Please change it to the pattern of "internalPodInformer" - an example of it you can find in ReplicationController:
https://github.com/kubernetes/kubernetes/blob/master/pkg/controller/replication/replication_controller.go#L88

wojtek-t · 2016-09-16T09:35:58Z

pkg/controller/podgc/gc_controller.go

+	}
+	terminatedPods := []*api.Pod{}
+	for _, pod := range pods {
+		if phase := pod.Status.Phase; phase != api.PodPending && phase != api.PodRunning && phase != api.PodUnknown {


Can you please it a function isPodTerminated(*api.Pod) ?

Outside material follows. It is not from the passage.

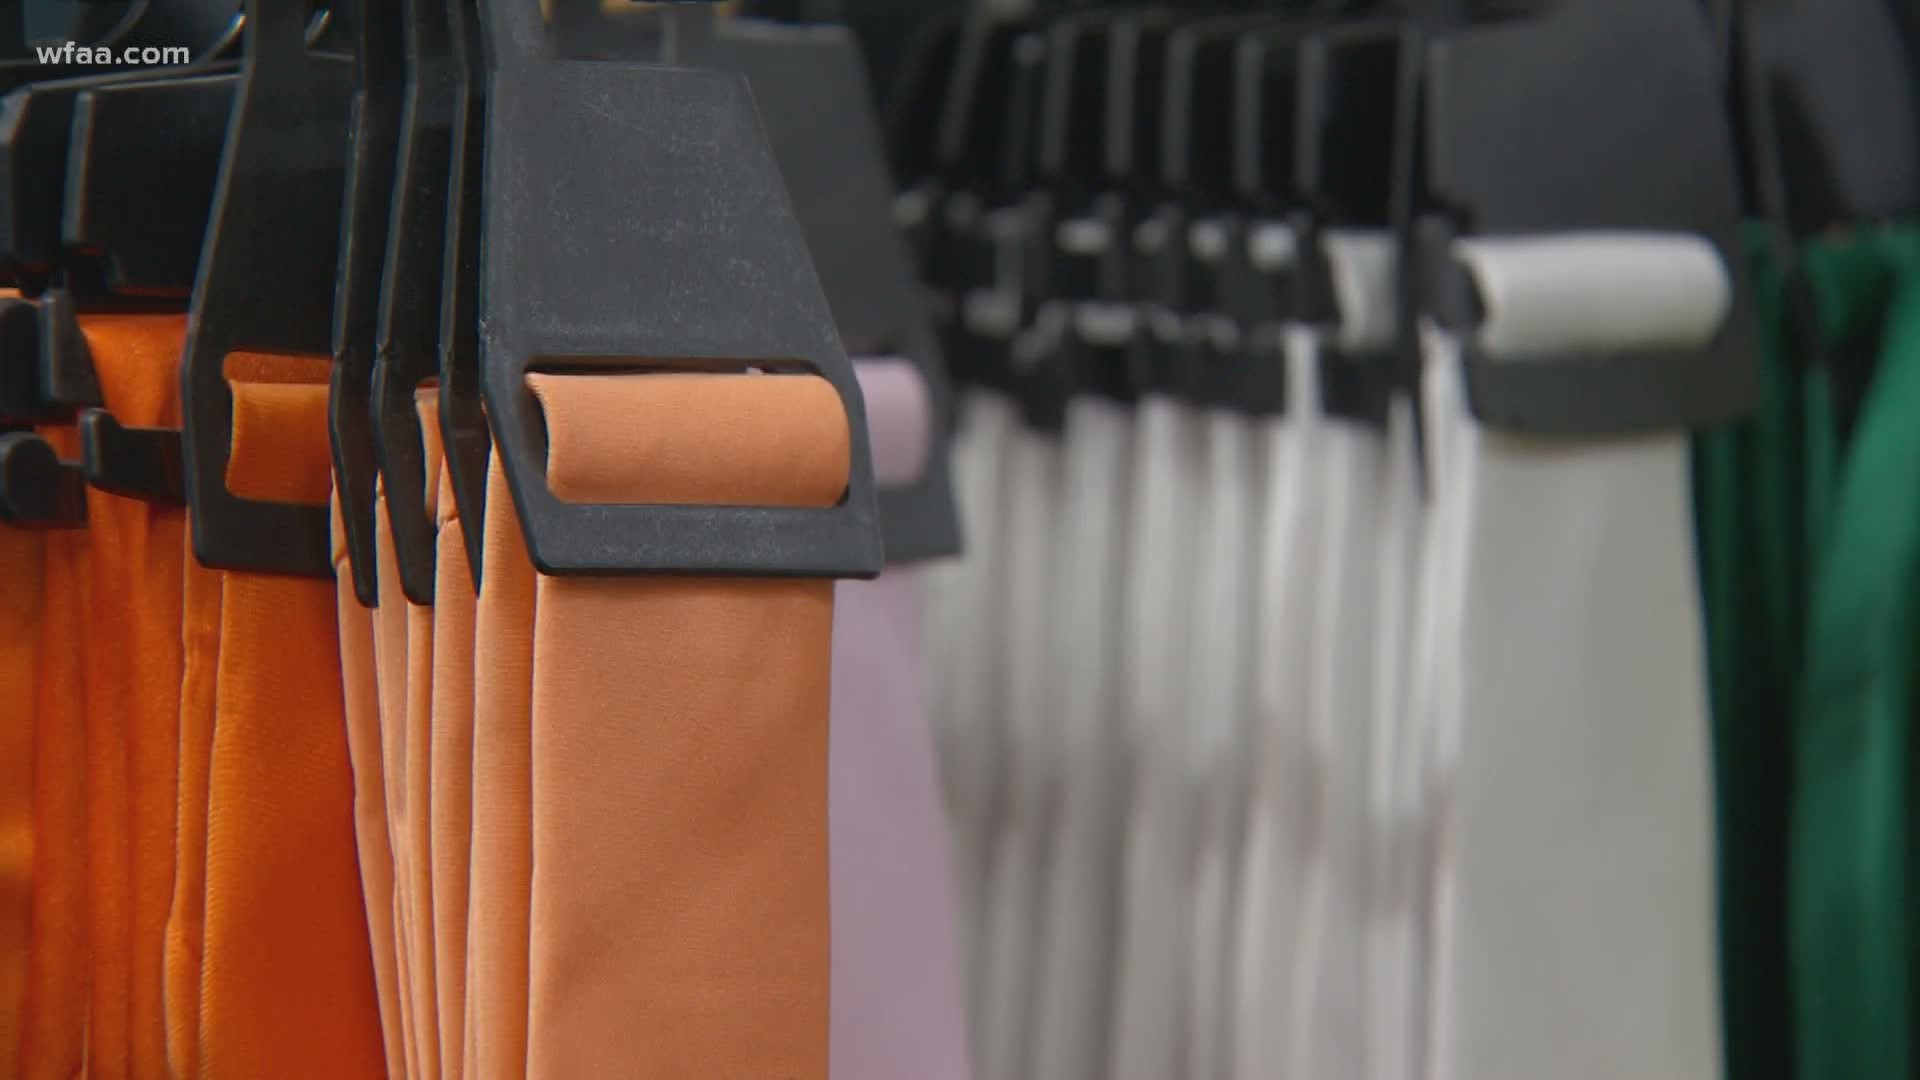 Clients say Roberts Ready To Wear has been a staple for quality and unique fashion items for six decades. But its owner says the pandemic has added some challenges.

wojtek-t · 2016-09-16T09:36:18Z

pkg/controller/podgc/gc_controller.go

@@ -118,6 +145,32 @@ func (gcc *PodGCController) gc() {
 	wait.Wait()
 }

+// cleanupOrphanedPods deletes pods that are bound to nodes that don't exist.
+func (gcc *PodGCController) gcOrphaned() {
+	glog.Infof("GC'ing orphaned")


wojtek-t · 2016-09-16T09:36:47Z

pkg/controller/podgc/gc_controller.go

+		glog.Errorf("Error while listing all Pods: %v", err)
+		return
+	}
+	glog.Infof("Pods: %#v", pods)


Please remove

wojtek-t · 2016-09-16T09:37:47Z

pkg/controller/podgc/gc_controller.go

+// cleanupOrphanedPods deletes pods that are bound to nodes that don't exist.
+func (gcc *PodGCController) gcOrphaned() {
+	glog.Infof("GC'ing orphaned")
+	pods, err := gcc.podStore.List(labels.Everything())


Instead of listing the same pods twice, please change it to:

list pods in gc() function

pass this []*api.Pod to both functions

k8s-bot · 2016-09-16T09:56:39Z

GCE e2e build/test passed for commit 3ae5d37.

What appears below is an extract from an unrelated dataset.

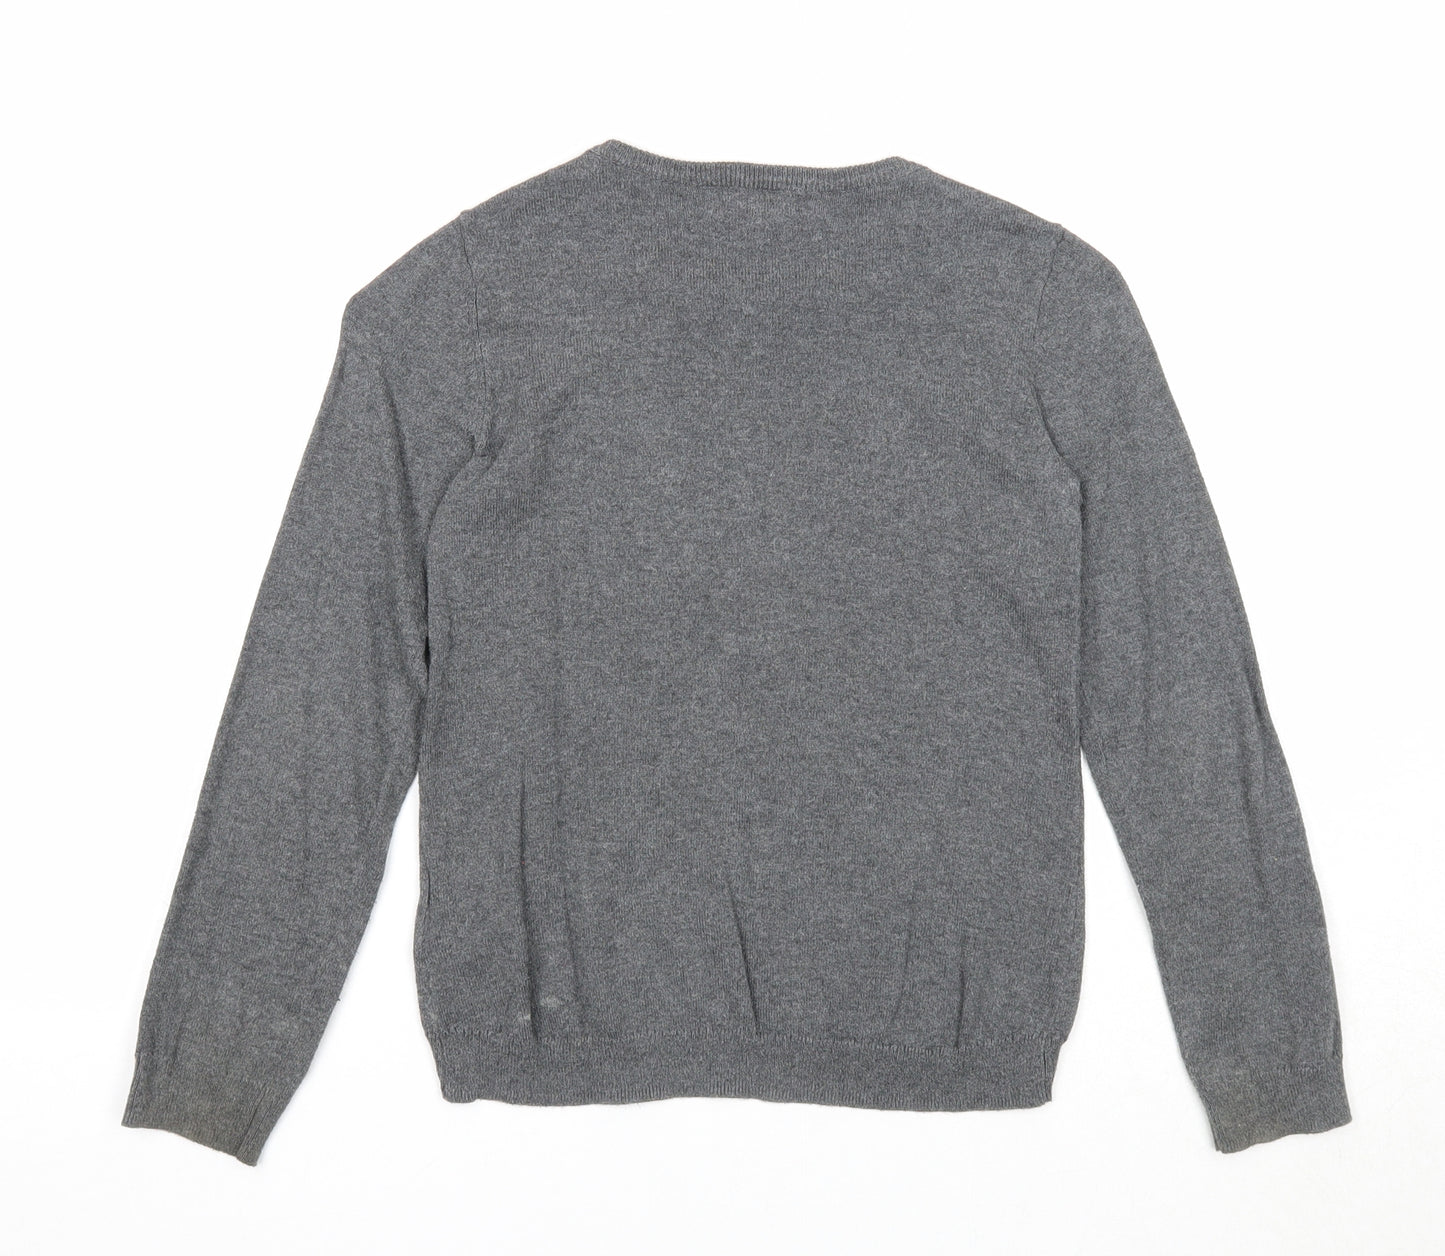 H&M Girls Grey Round Neck Cotton Pullover Jumper Size 7-8 Years Pullover - Make Your Own Magic

gmarek · 2016-09-26T10:31:25Z

@k8s-bot gke test this issue: #33477

gmarek

@wojtek-t PTAL

gmarek · 2016-09-26T10:34:11Z

pkg/controller/podgc/gc_controller.go

+	}
+	terminatedPods := []*api.Pod{}
+	for _, pod := range pods {
+		if phase := pod.Status.Phase; phase != api.PodPending && phase != api.PodRunning && phase != api.PodUnknown {


gmarek · 2016-09-26T10:34:38Z

pkg/controller/podgc/gc_controller.go

+		glog.Errorf("Error while listing all Pods: %v", err)
+		return
+	}
+	glog.Infof("Pods: %#v", pods)


gmarek · 2016-09-26T10:35:54Z

pkg/controller/podgc/gc_controller.go

+// cleanupOrphanedPods deletes pods that are bound to nodes that don't exist.
+func (gcc *PodGCController) gcOrphaned() {
+	glog.Infof("GC'ing orphaned")
+	pods, err := gcc.podStore.List(labels.Everything())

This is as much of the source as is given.